### What to produce
For this exercise, write out the full listing that follows exactly and skip its pictures.

### Data
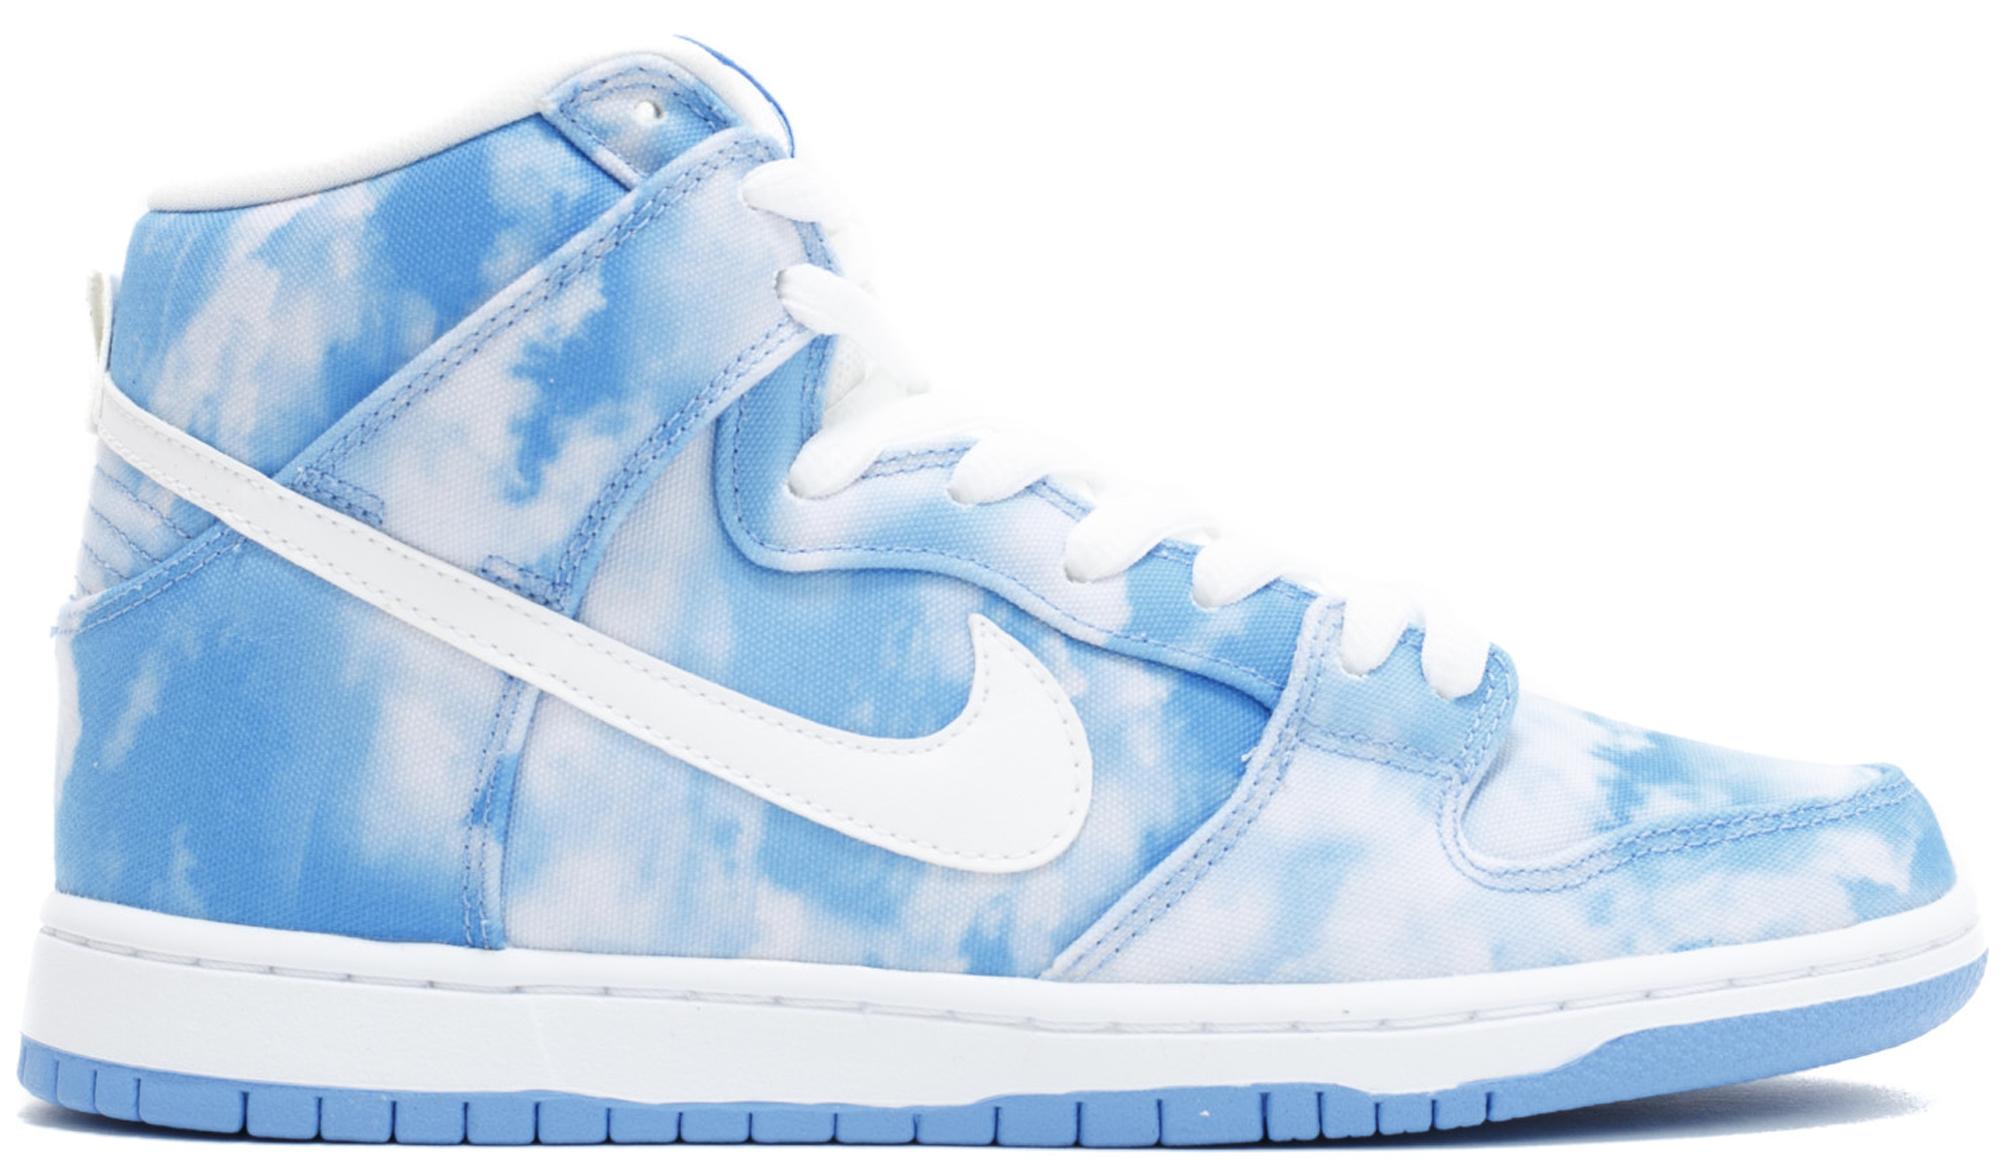 Nike SB Dunk High Clouds - 305050-414
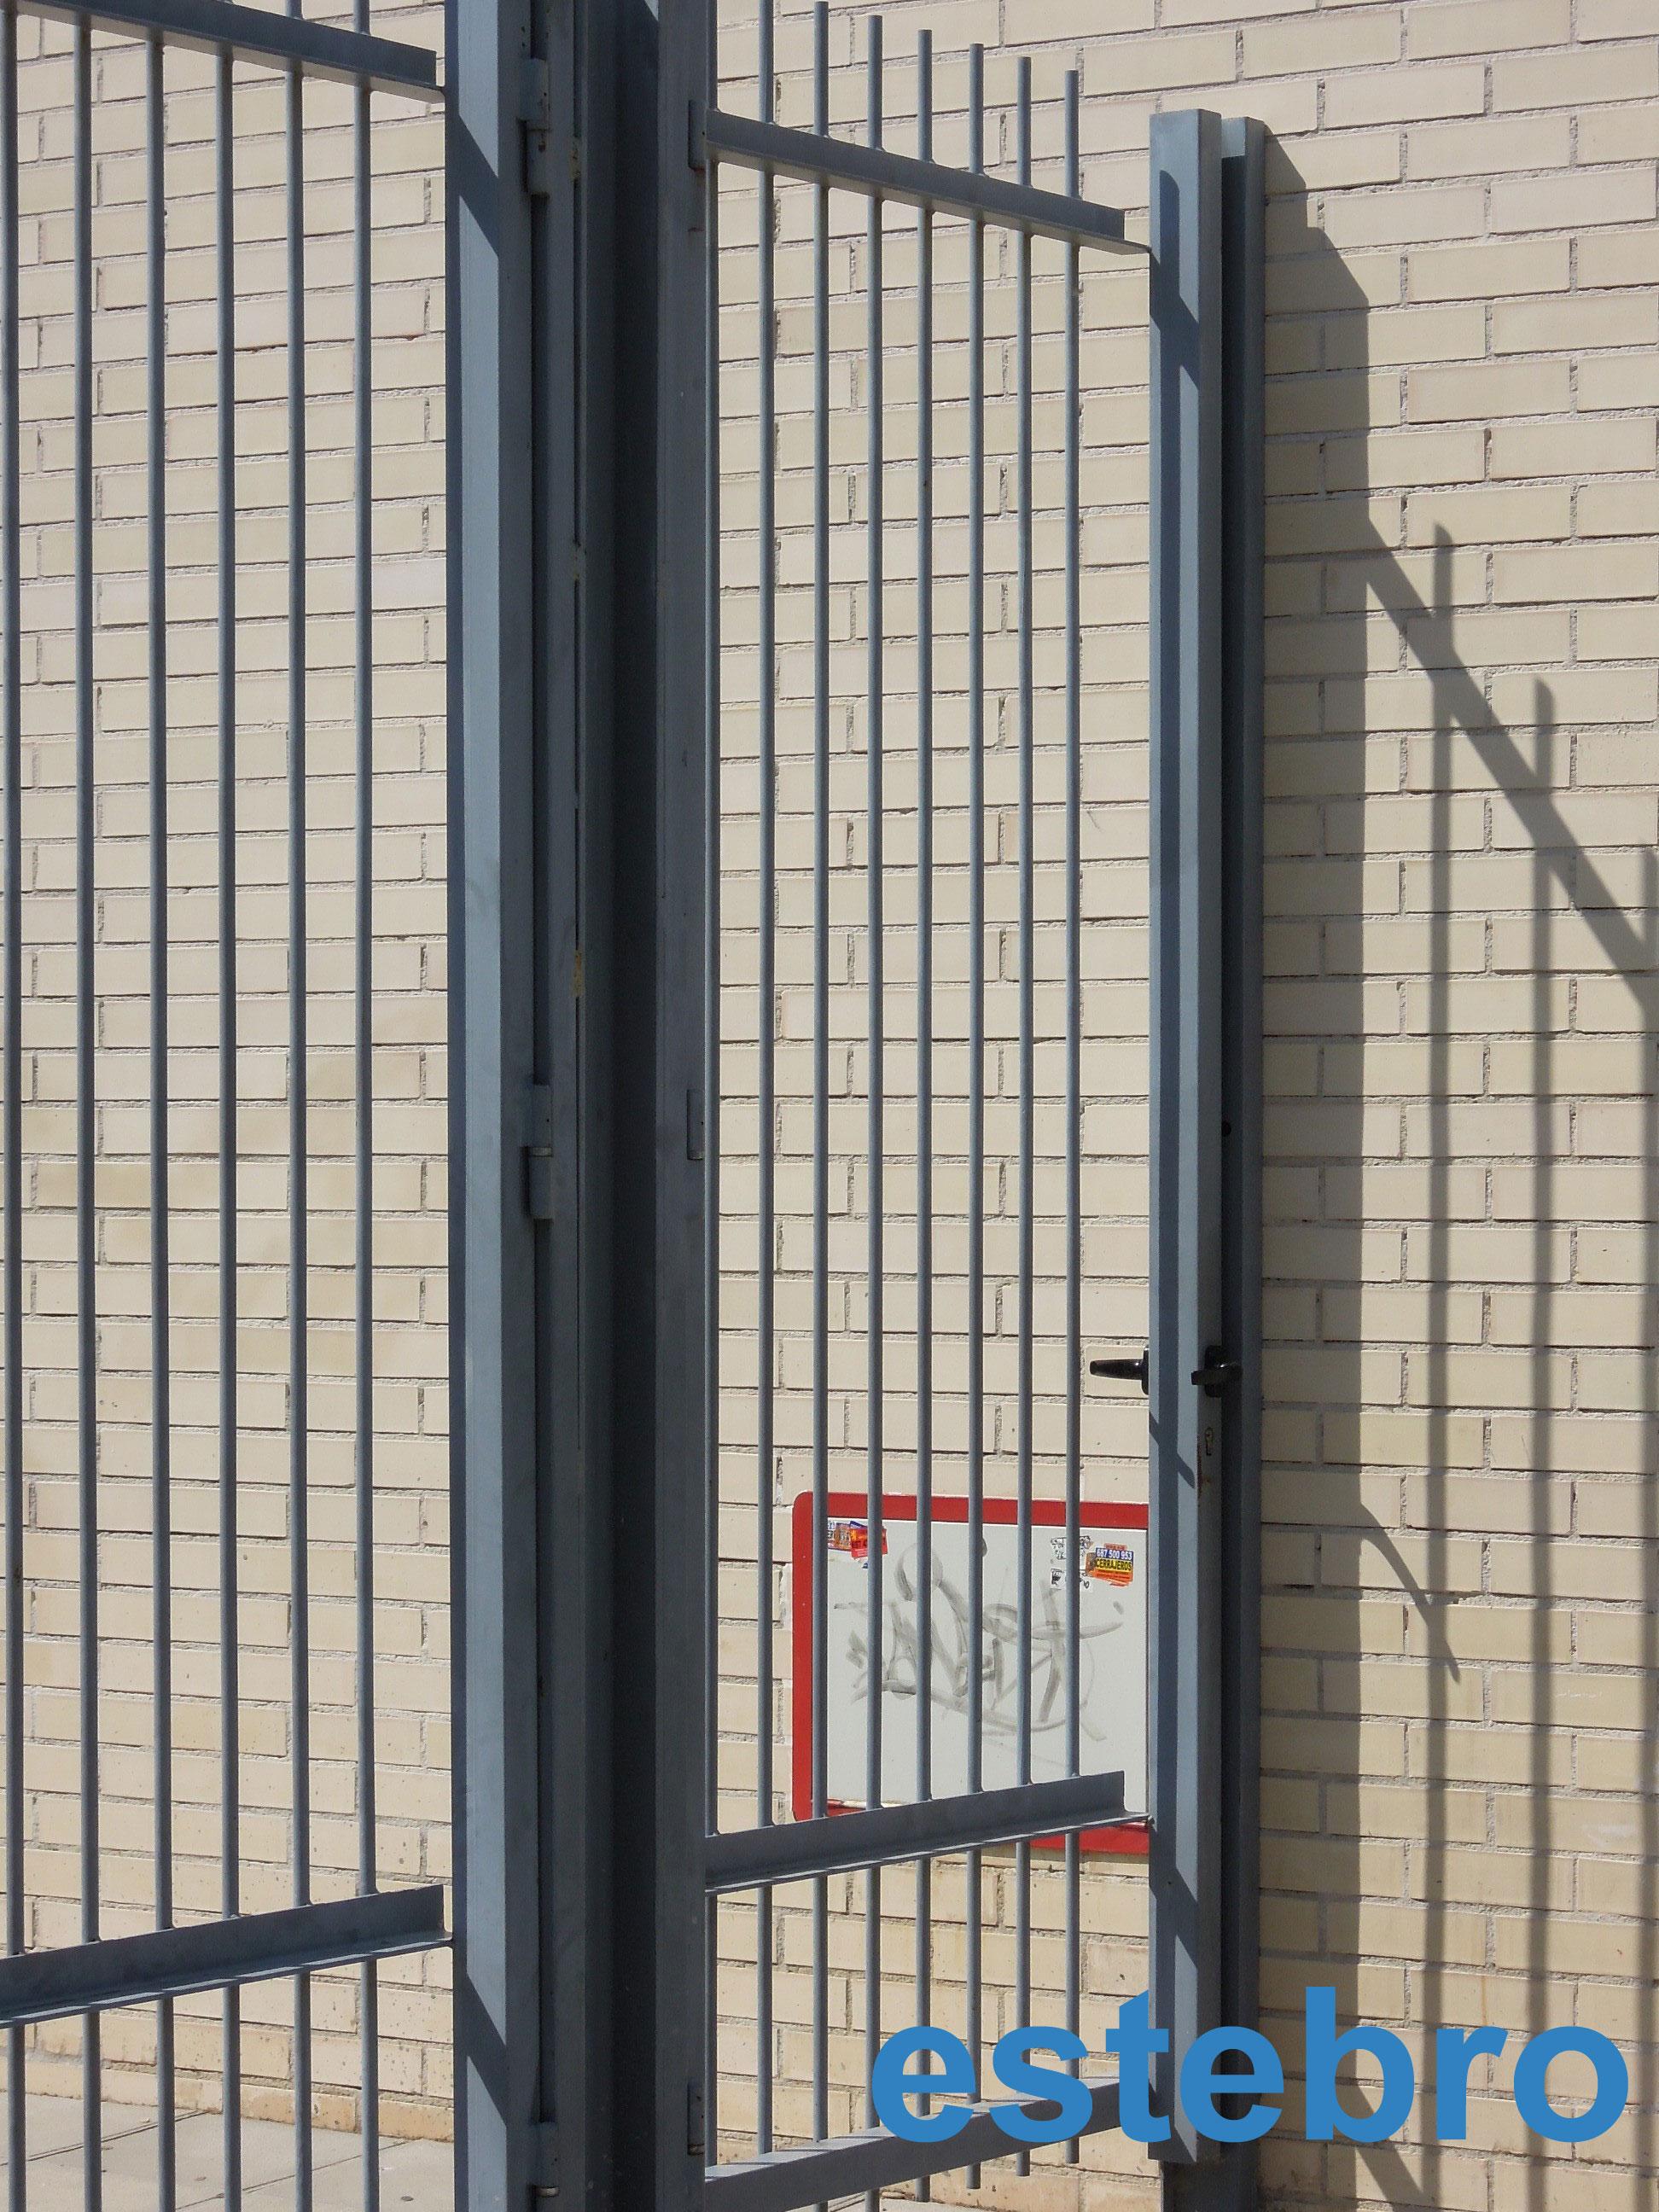 Pernios hierro herrajes puertas for Herrajes para puertas
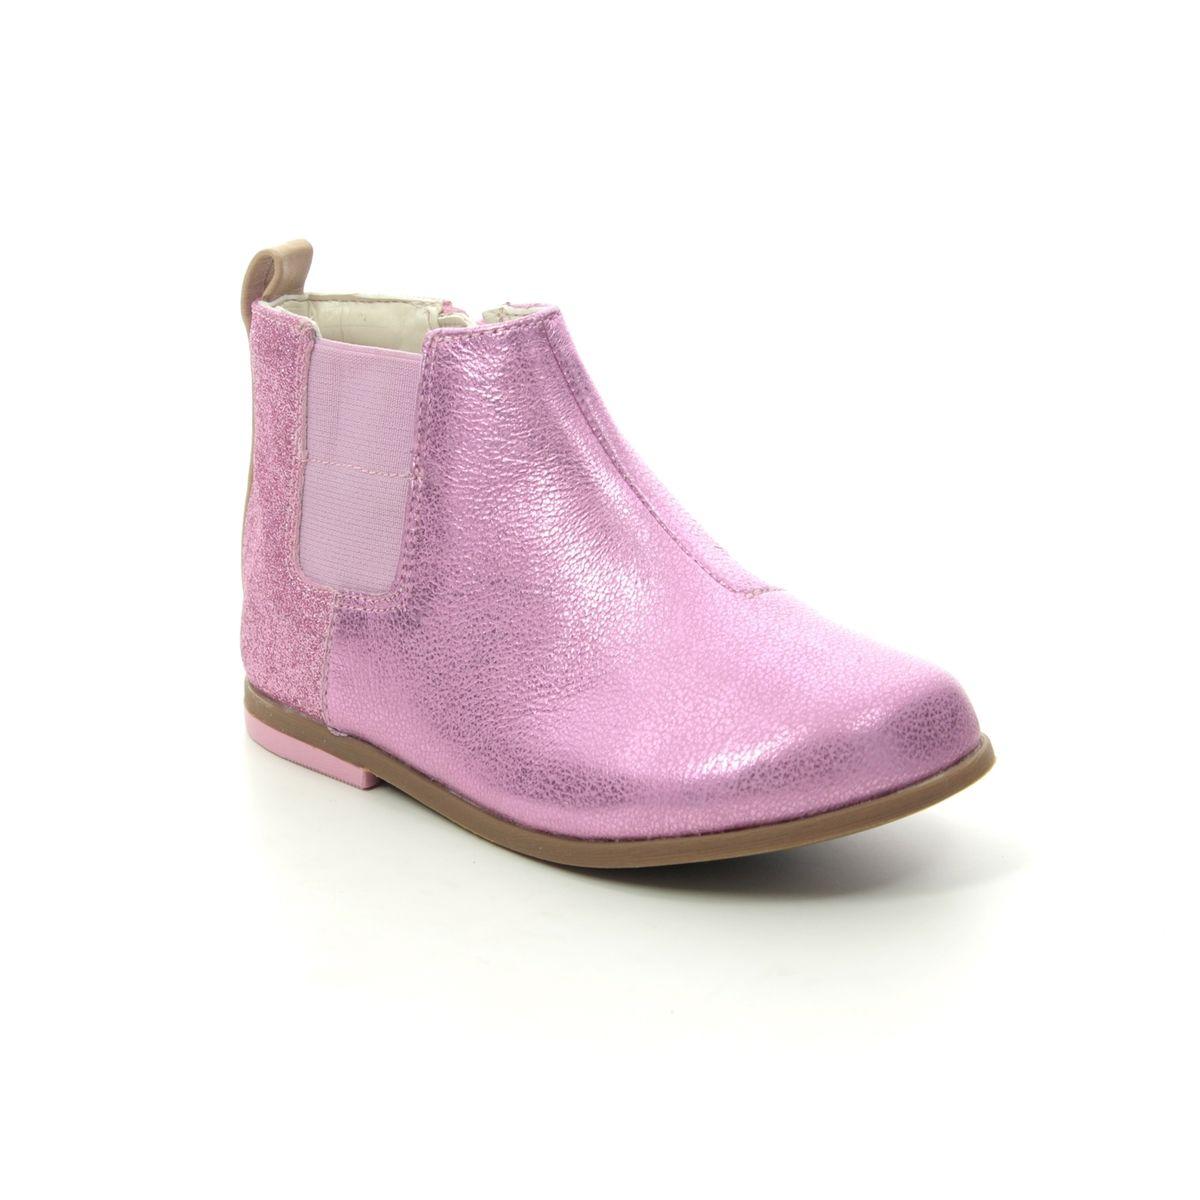 Clarks Drew Fun T F Fit Pink Leather

### Result of this task
 Nike SB Dunk High Clouds - 305050-414
 Pernios hierro herrajes puertas for Herrajes para puertas
 Clarks Drew Fun T F Fit Pink Leather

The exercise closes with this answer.